- Information supplied -
- Opening Delimiter -

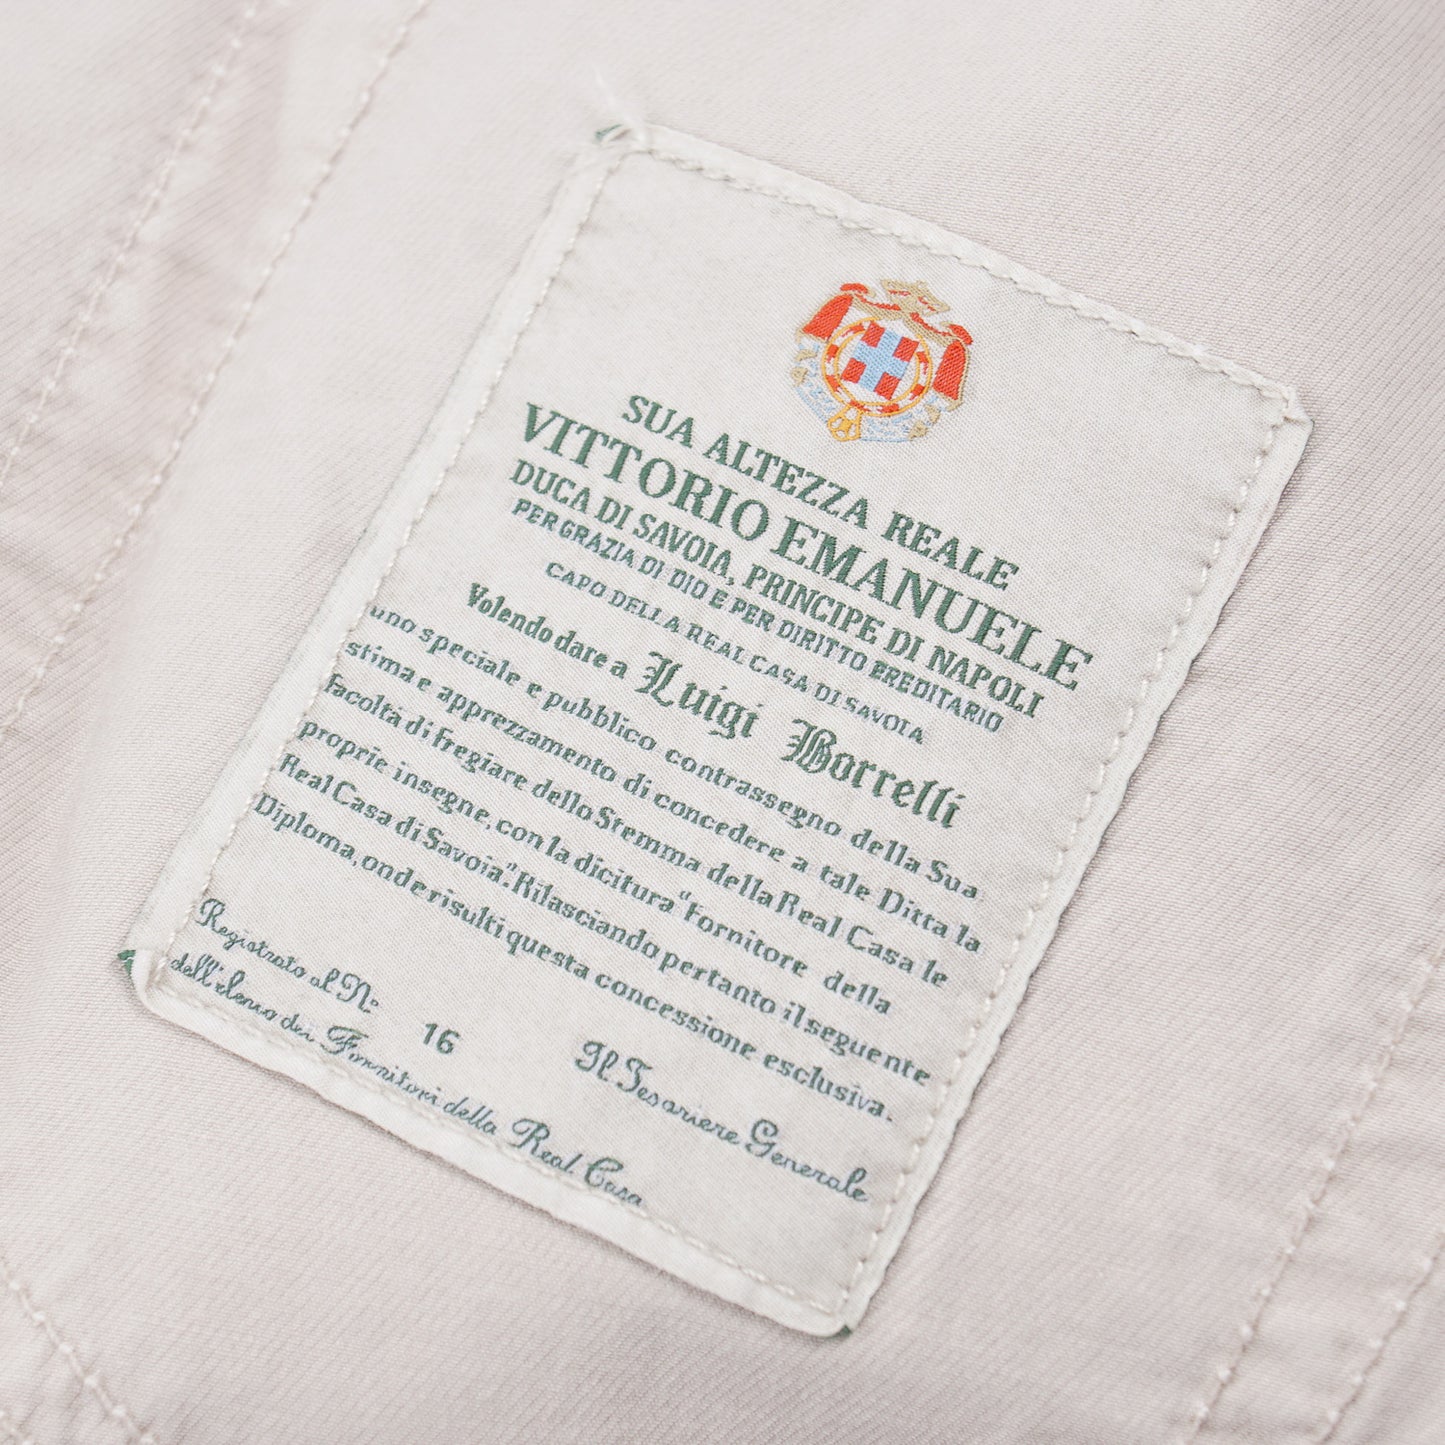 Luigi Borrelli Slim-Fit Lightweight Cotton Jeans - Top Shelf Apparel
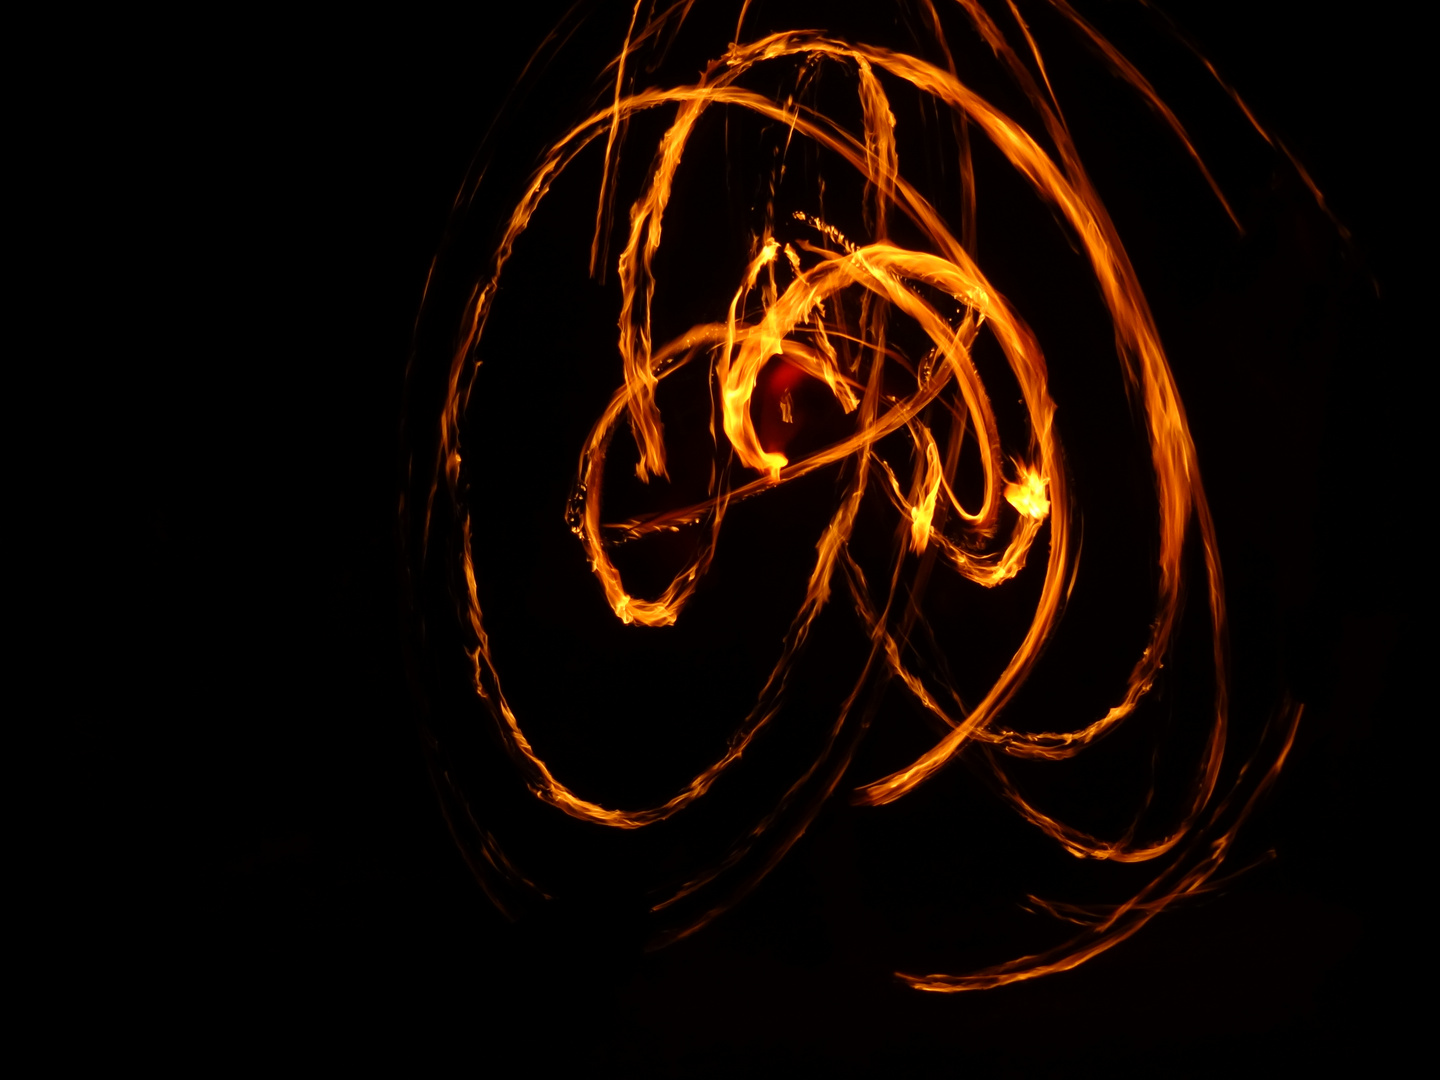 Fire spiral
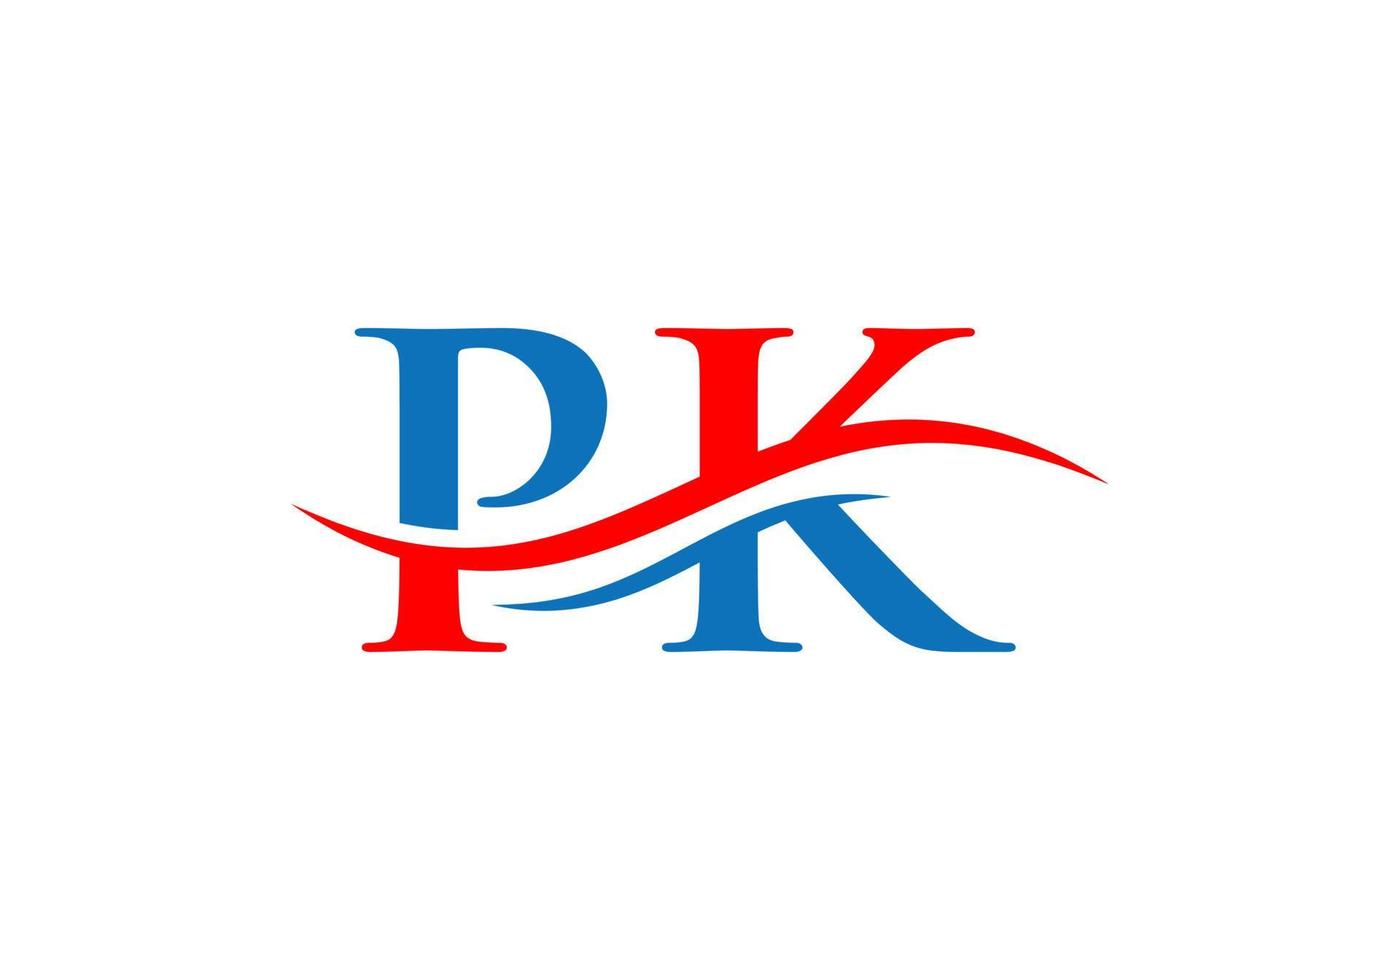 PK logo. Monogram letter PK logo design Vector. PK letter logo design with modern trendy vector

- Closing Delimiter -

- Activity -
Only the lines between the one containing "Fire spiral" and the last line of the listing above, both included, should be written out, exactly and without pictures.

- Answer for this exercise -
 Fire spiral
 PK logo. Monogram letter PK logo design Vector. PK letter logo design with modern trendy vector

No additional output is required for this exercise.